Tuesday, 7 May 2013

It's an nHCoV, its an EMC...no...its MERS?

It was an unusual move that apparently required "a great deal of effort to find a name that all parties involved could agree on". Avian Flu Diary reports on a ScienceInsider article noting that the Coronavirus Study Group will propose an entirely new name for the latest human coronavirus type that seems to cause respiratory disease in humans and belongs to a new coronavirus species. 
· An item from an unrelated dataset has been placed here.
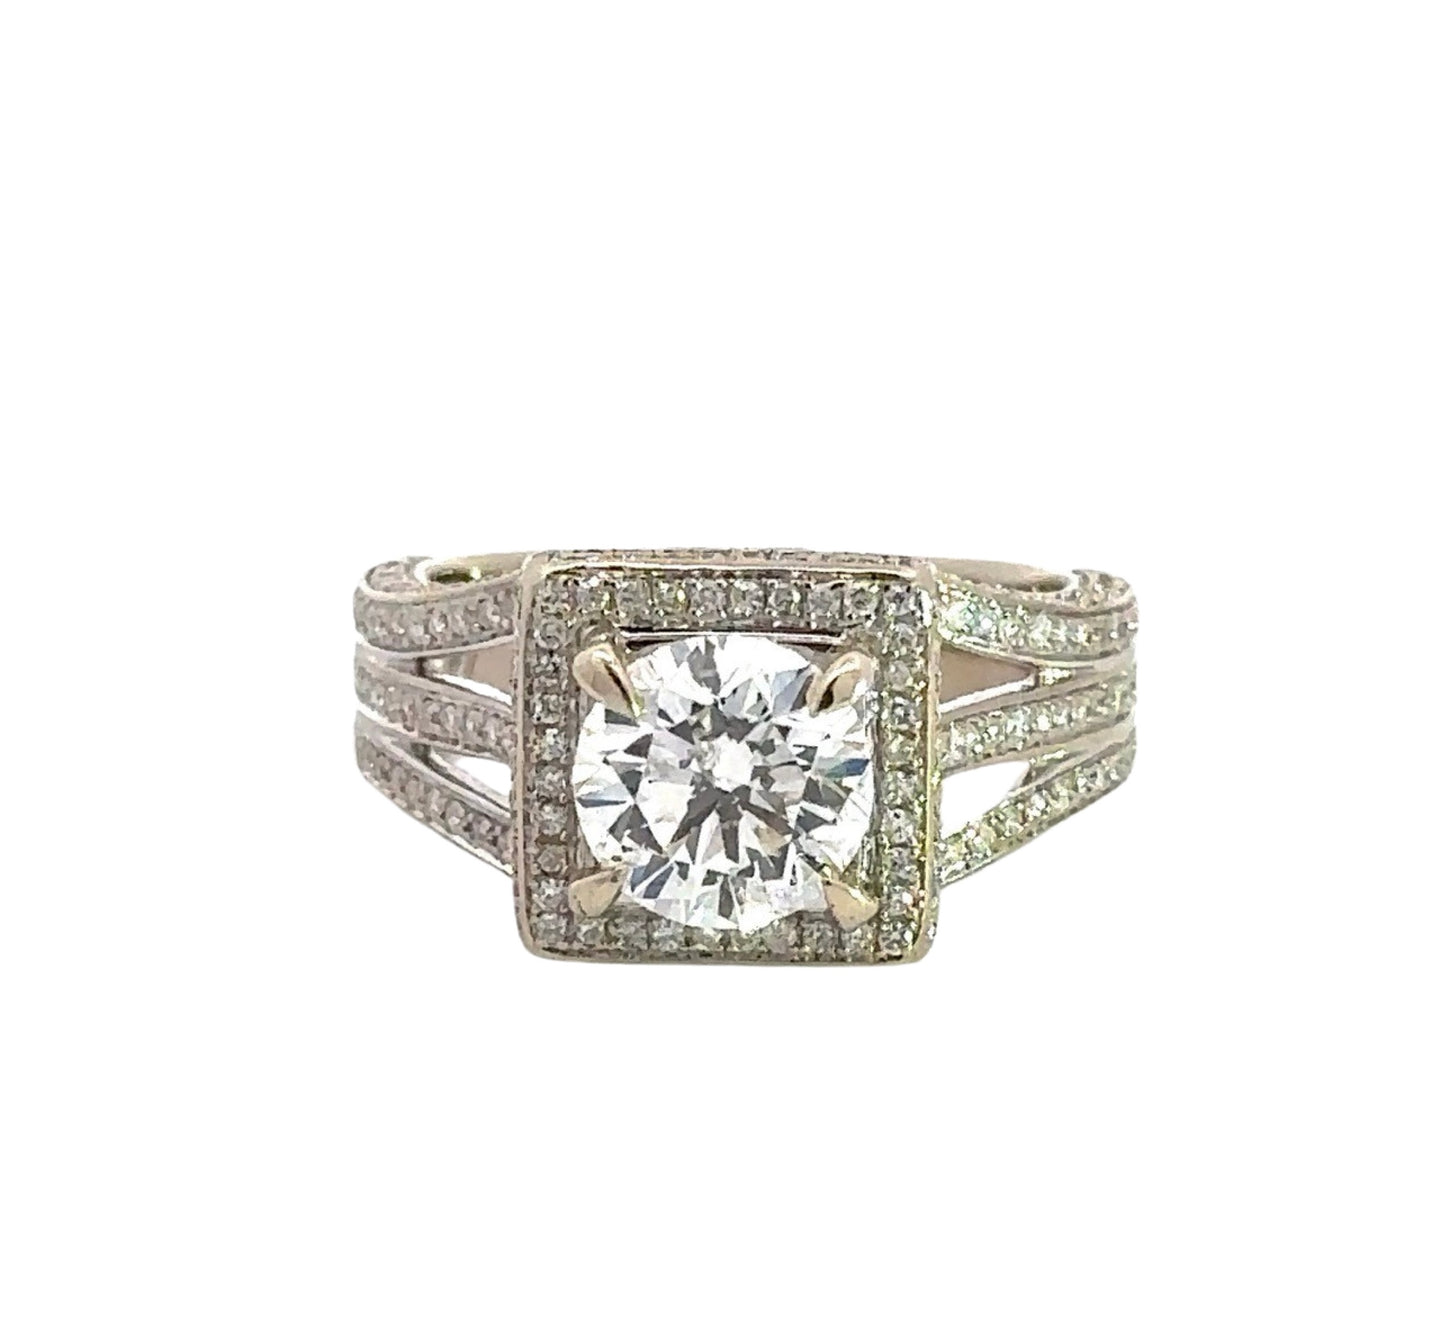 top of 1.75 carat center-stone diamond ring with small round diamonds around center-stone and on band in 3 rows

Usually the International Committee on Taxonomy of Viruses (ICTV) doesn't fiddle around with naming below the level of species and the new human coronavirus type seems to be part of a group of viruses (including bat coronaviruses) that together will likely form a novel species. Do the bat viruses also cause respiratory syndrome in humans...or other animals? There is likely to be some (more) confusion caused by this name change, and it is very possible that the press will not strictly adhere to the new name any more than the old one (an argument that supports either side of the debate).

So far the virus has been called novel coronavirus (NCOV-a name that never should have stuck-what do we call the next one....more novel CoV?) and in the scientific, peer-reviewed literature, HCoV-EMC after the laboratory that characterized the virus (Erasmus Medical Center). Still, its only about 8 months since we learned of the first case subsequently attributed to this virus in Sept 2012 (the patient presented in June 2012). How big could the body of literature be on EMC at this point? Apparently its 23 papers strong according to PubMED.


The new name for the disease and the virus group will change to MERS-CoV (Middle East respiratory syndrome). It will next go before the ICTV for ratification.